Q: This is a photo of a covered vegetable dish that is part of a dinnerware set my late husband inherited. The set is a five-piece service for 12 and includes a gravy boat, butter dish and large platters. It was purchased in 1930 and is in mint condition. Each piece is marked with a crown, crossed hammers and the words “Pirkenhammer – Czechoslovakia.”
Could you please let me know the history of my dinnerware and its insurance value?

A: Fischer & Mieg Pottery made your dinnerware set in Pirkenhammer, Bohemia, Czechoslovakia. In 1811, Martin Fischer and Christopher Reichenbach acquired Johann List and Fredrich Hocke’s pottery company. When Fischer’s granddaughter later married Ludwig von Mieg in 1852, the name of the pottery was changed to Fischer & Meig. Wilhelm and Victor Maier bought the factory in 1908 and continued to use the name until 1946. The crossed hammers and crown are the symbols of the town, Pirkenhammer. Czechoslovakia was formed in 1918 and dissolved in 1993, becoming the Czech Republic and Slovakia.
Insure your circa-1930 dinnerware for $800 to $1,500.

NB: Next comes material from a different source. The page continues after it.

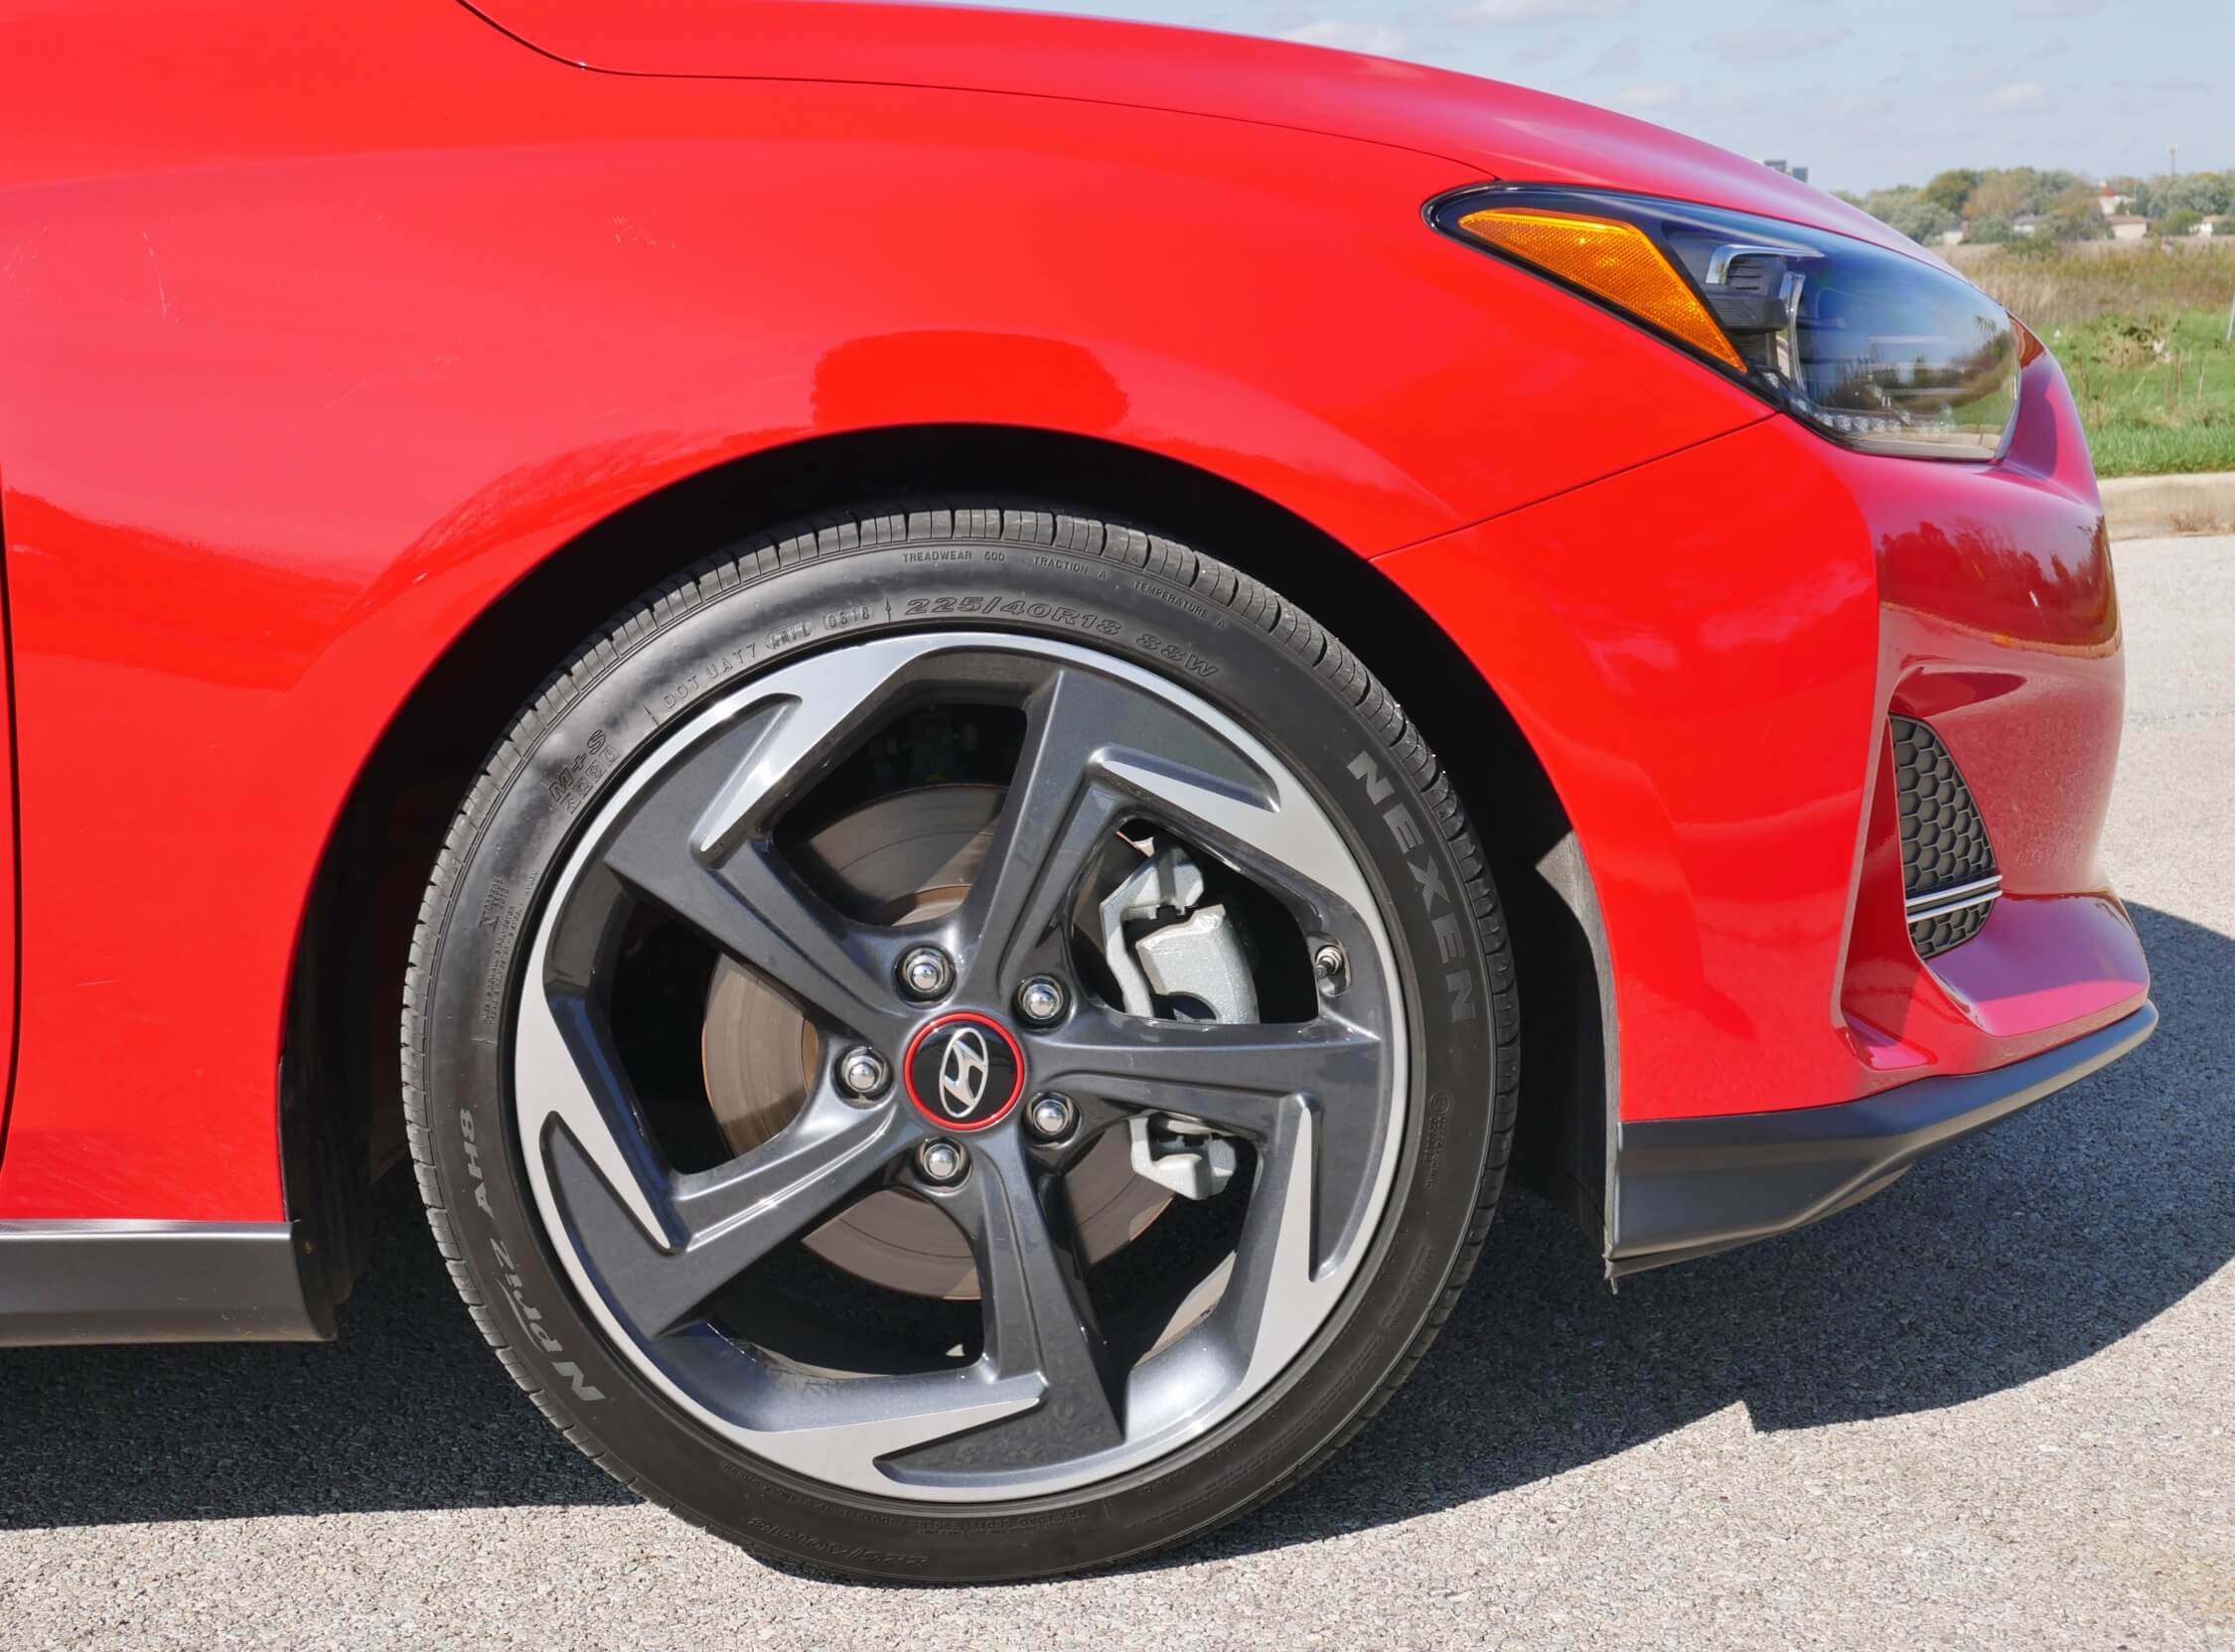 2018 Hyundai Veloster Turbo Ultimate: 19" alloys seek more grip, independent suspension tuned for more directional precision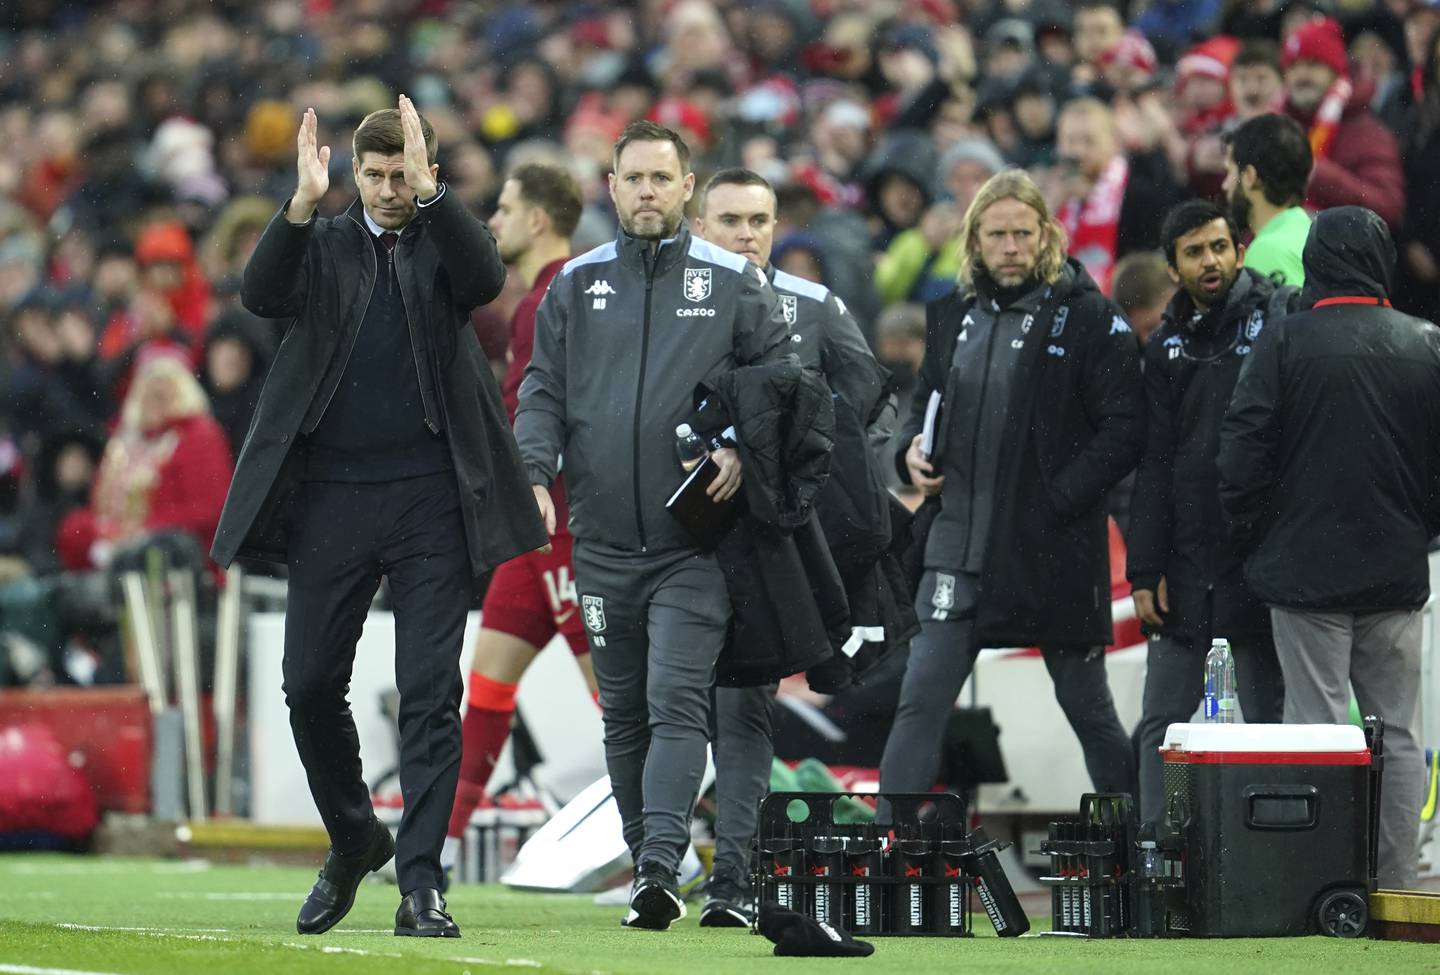 Aston Villa manager Steven Gerrard, left, before the Premier League match against Liverpool at Anfield in December, 2021. Liverpool won the game 1-0. AP

Q: Enclosed is the mark on the bottom of a porcelain female figurine that was given to me by a friend years ago. The figurine stands about 8 inches tall. She is wearing 18th-century pastel clothes, has blond hair and is holding a basket of flowers.
What can you tell me about the maker, vintage and value of my figurine?

A: Kranichfelder Porzellan Manufaktur made your figurine. The factory was located in Kranichfeld, Germany, from 1903 to 1910. The K.P.M. mark can be problematic. It was used by the Konigliche Porzellan Manufaktur, or the Royal Porcelain Factory, and later borrowed by a batch of factories, including Krister Porzellan Manufaktur and Kranichfelder Porzellan Manufaktur.
Your figurine might be worth $75 to $125.

Q: I have all eight porcelain plates of the “Gone With the Wind” series. They were made by Edwin M. Knowles China Co. I have all the original certificates of authenticity and the boxes. Each plate represents a scene from the film “Gone With the Wind.”
I hope you can give me some idea of the value of my set.

A: Edwin M. Knowles China Co. was founded in Chester, West Virginia, around 1900. A second plant was added in Newell, West Virginia. The limited-edition collector plates were issued from 1978 to 1985. Artist Raymond Kursar painted the original scenes.
Your set would probably be worth $125 to $225.